The SWOT analysis is an important tool that helps managers to develop four types of strategies: SO (strengths-opportunities) Strategies, WO (weaknesses-opportunities) Strategies, ST (strengths-threats) Strategies, and WT (weaknesses-threats) Strategies (David, 2009). The SWOT Analysis of the Walt Disney Company examines the company’s key business structure and operations, history and products, and provides summary analysis of its key revenue lines and strategy.

SWOT Analysis – The Walt Disney Company

STRENGHTS

• Global Standardization

• Target Customer: Children

• Creative Process

• Popular Brand Name

• Diversification

• Disruption

WEAKNESSES

• High sunk cost

• Excessive Research & Development

• Constant Up gradation

• High Investment

• High Risk Factor

OPPORTUNITIES

• Merchandise

• Global Localization: Think global, Act Local

• Characters of national or regional appeal

• Cheaper alternatives to soft toys

• Disney Music Channel

• Disney School of Management/Training Institute

THREATS

• Competitors: National, Regional & Global

• Employee Retention

• Highly Demanding in terms of Sales, Creativity and Innovation

• Unprofitable or hasty acquisition

• Brand Consistency

• Product Differentiation

Source: Adopted from External Environment: Opportunities and Threats. Scribd. 10 Mar. 2010.

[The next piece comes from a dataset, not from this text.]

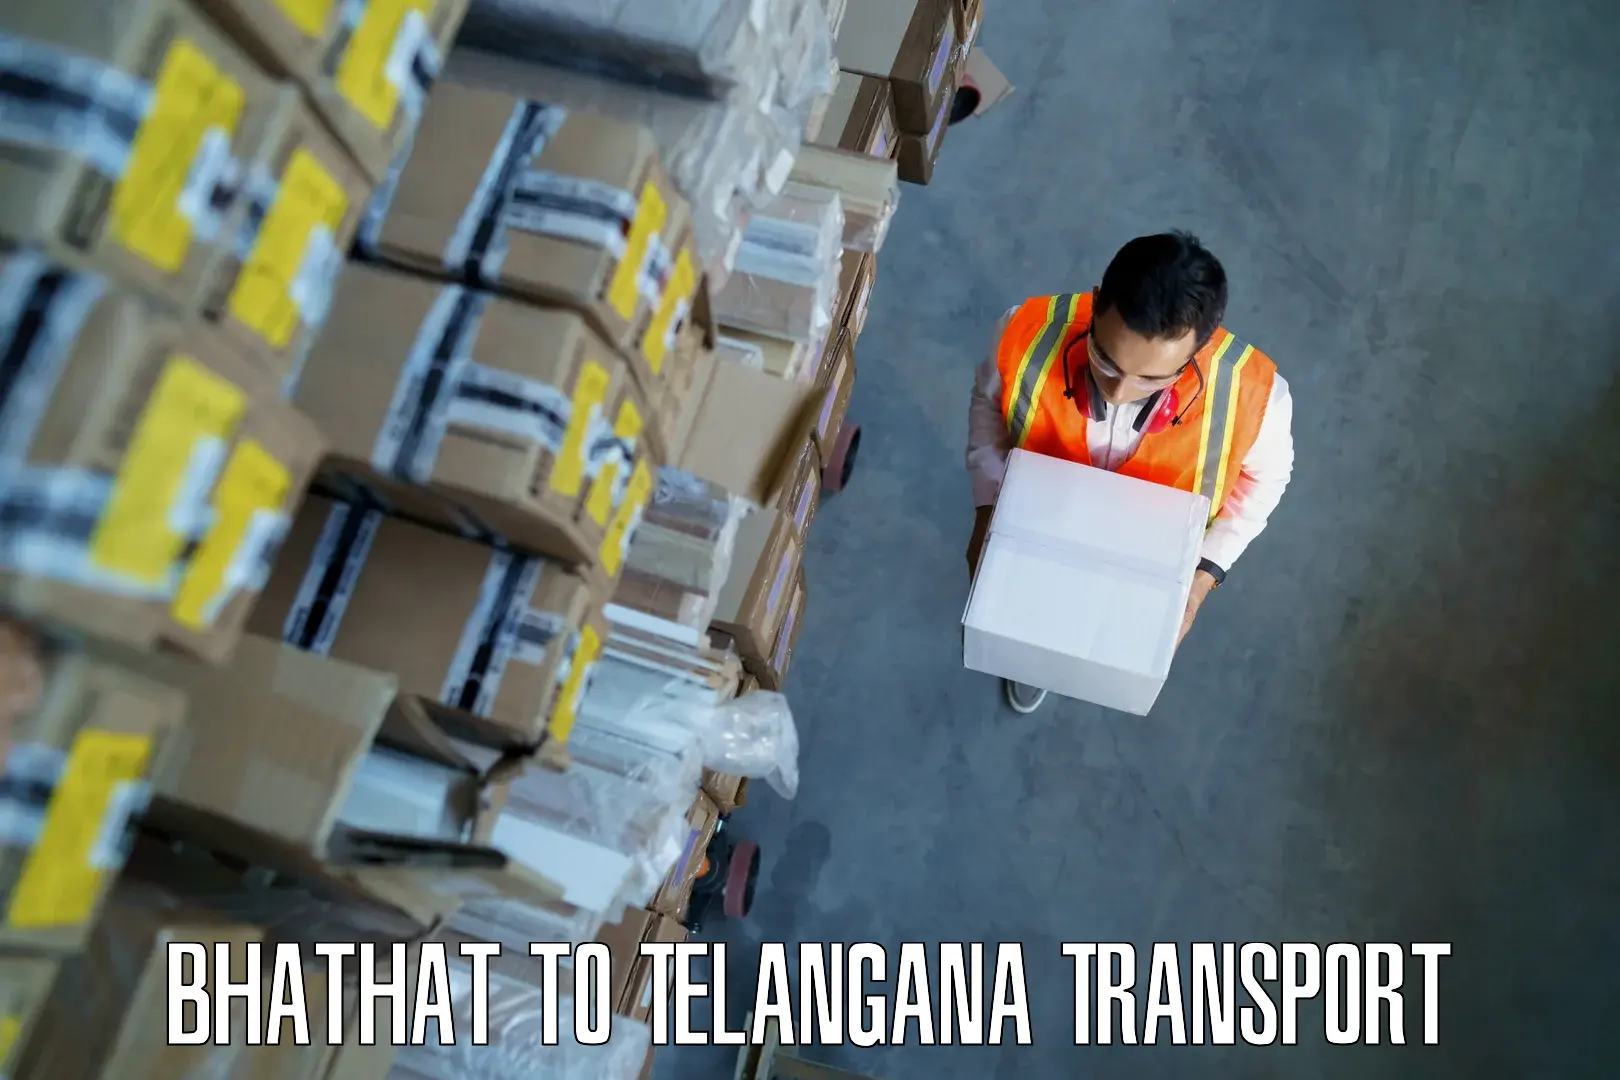 Intercity transport Bhathat to Telangana
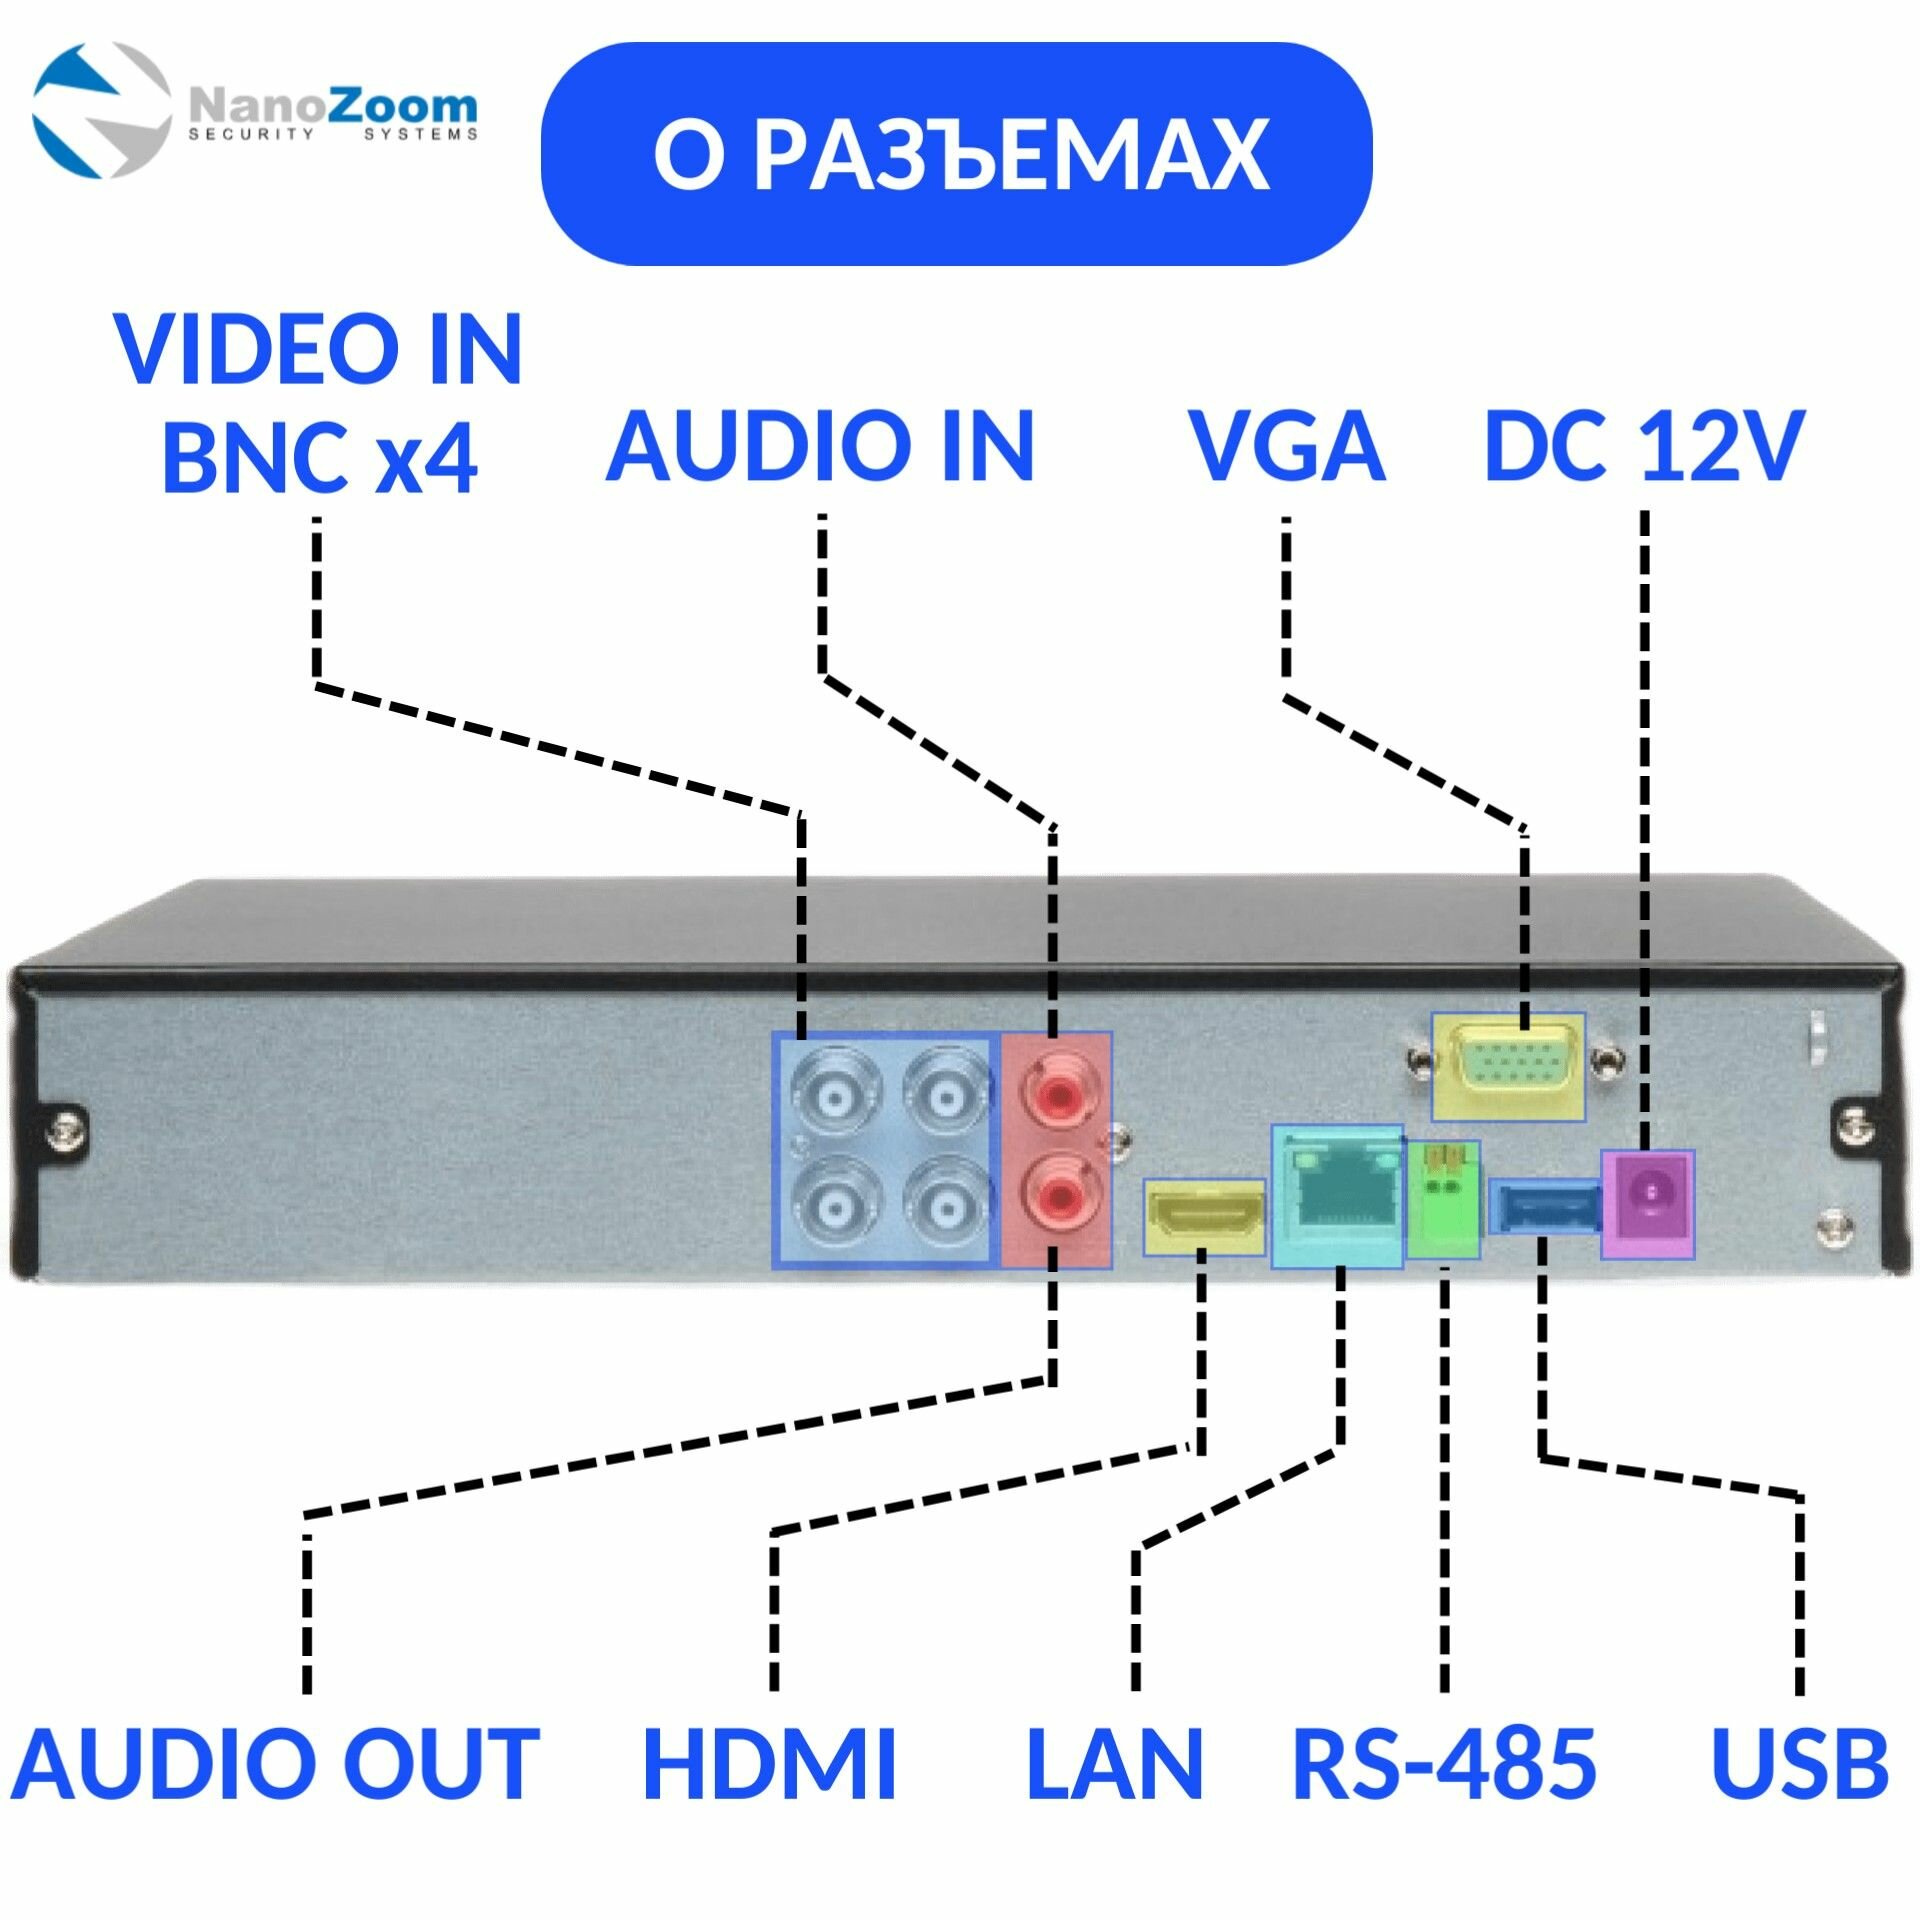 Dahua DH-XVR5104HS-I3 - 4 канальный видеорегистратор для видеонаблюдения HDCVI, XVR-регистратор гибридный 5M-N/4M-N/1080p/720p 1HDD DVR, SMD Plus H.265+/H.265, поддержка HDCVI, AHD, TVI, CVBS, IP

Although, the Walt Disney Company has been around since 1923, throughout the 87 years, they have adapted and adopted the different concepts that are ideal in order to run successful business operations. Market penetration, market development, and product develop is also vital so that the organization continues to set itself apart from competitors. The Disney Company has established itself as the nation’s leader in family entertainment by sticking to its vision and mission statement “to make people happy” by “nurturing the imaginations of children and celebrating American qualities.” I think that Disney should continue to globalize into the foreign market inevitably increasing profits and financial stability. Also continue to focus on overall customer satisfaction with all business segments to meet or exceed its current standards. Even though the Disney Company is currently in the maturity stage they should continue to strive to offer additional services and expand their market place in the next five years is essential for Disney to continue to grow. As an organizations it should continue to do what it has done for the past 87 years to continue to be admired for the way it does business as for the memorable products. If Walt Disney Company continues to do what it has done, a bright future is undeniable.